By Isabella Zellerbach
When I went to my first Phage Hunting class, I was over the moon. We were following a lab manual that made sense, doing science-y things, and I got to use all sorts of equipment that made me feel like a real live researcher. And I was good at it! I got my enrichment culture to work, had two distinct phages that were really different, and even managed to isolate my phages in just a few streaks. And then disaster struck.
A new phage decided to pop up on my plates and I had to re-streak. And re-streak. And re-streak. And I was streaking until the end of September. I finally got my phage isolated and moved on to my MTL and things seemed like they were taking a turn for the better.

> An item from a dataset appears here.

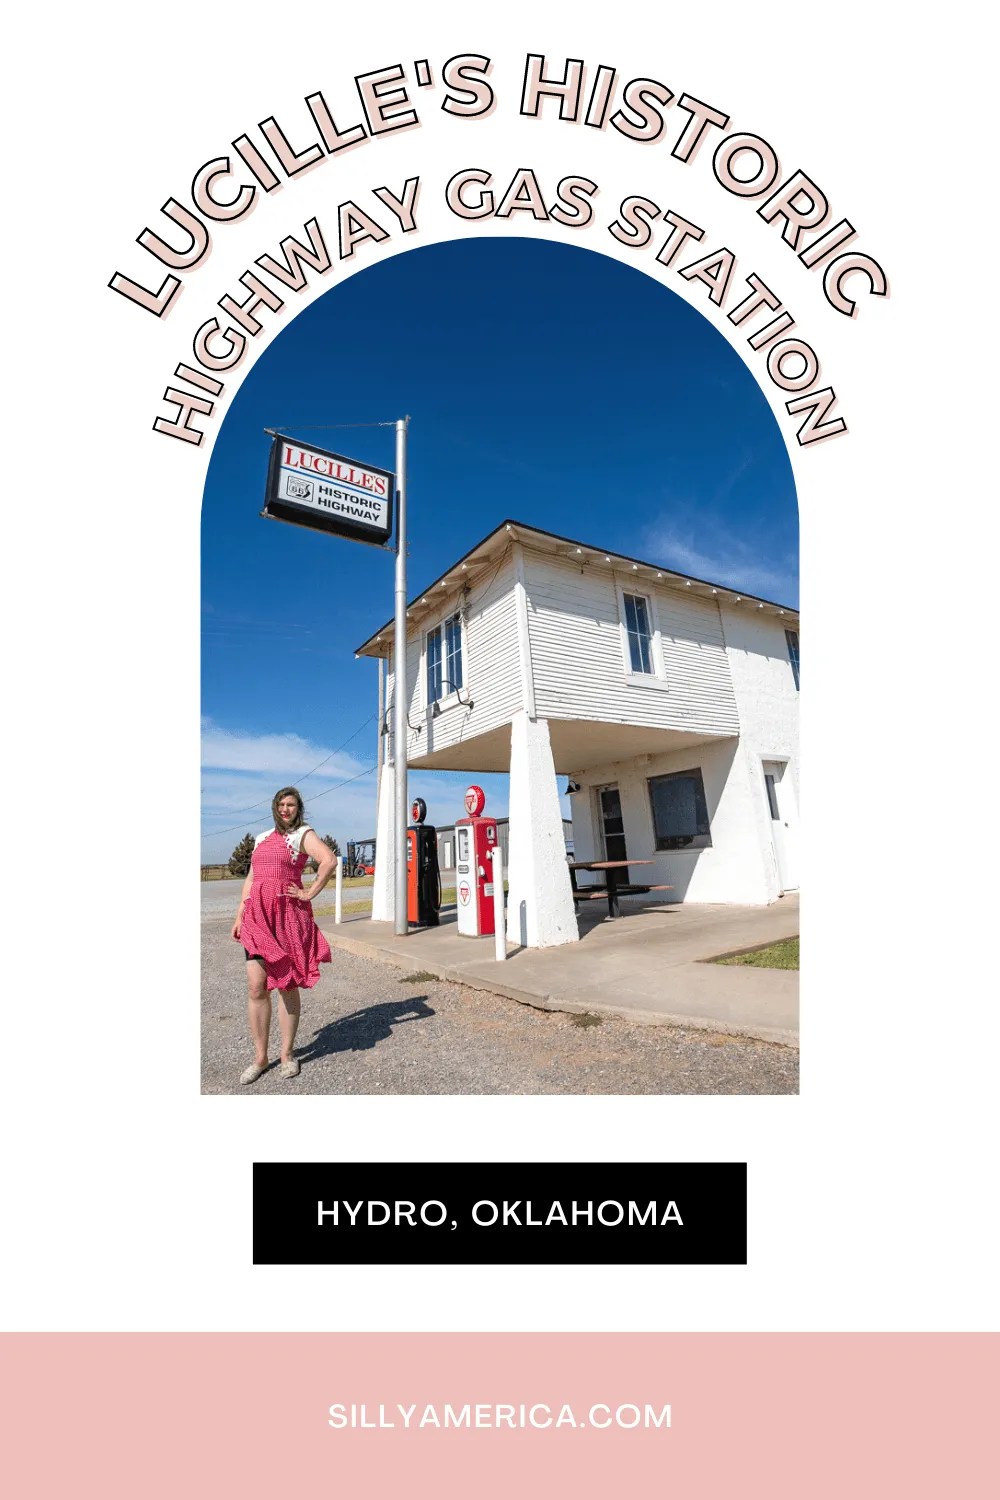 Officially known as the Provine Service Station, this vintage service station in Hydro, Oklahoma on Route 66 is more commonly known as Lucille's Historic Highway Gas Station or, simply, Lucille’s Place.  #RoadTrips #RoadTripStop #Route66 #Route66RoadTrip #OklahomaRoute66 #Oklahoma #OklahomaRoadTrip #OklahomaRoadsideAttractions #RoadsideAttractions #RoadsideAttraction #RoadsideAmerica #RoadTrip

I calculated the titer, got all my ducks in a row, and did the calculations for the six web plates to create the HTL. Then that mysterious, unknown contamination hit the lab.
Even though I had six beautiful webbed plates underneath all that contamination, there was no way I was going to be able to flood the plates and create an HTL. So I re-did the six plates and waited to see if the contamination was gone. Luckily, it was! And so my HTL was born.
After that, I had a fairly smooth ride. My EM came out nicely, my DNA prep was a solid number, and my QC gel was bright and vibrant! It just took me until the very last day of class to get there, but I made it in the end. The entire process definitely made me re-evaluate my patience level and I’d like to think I came out of the experience way more patient than I went going in.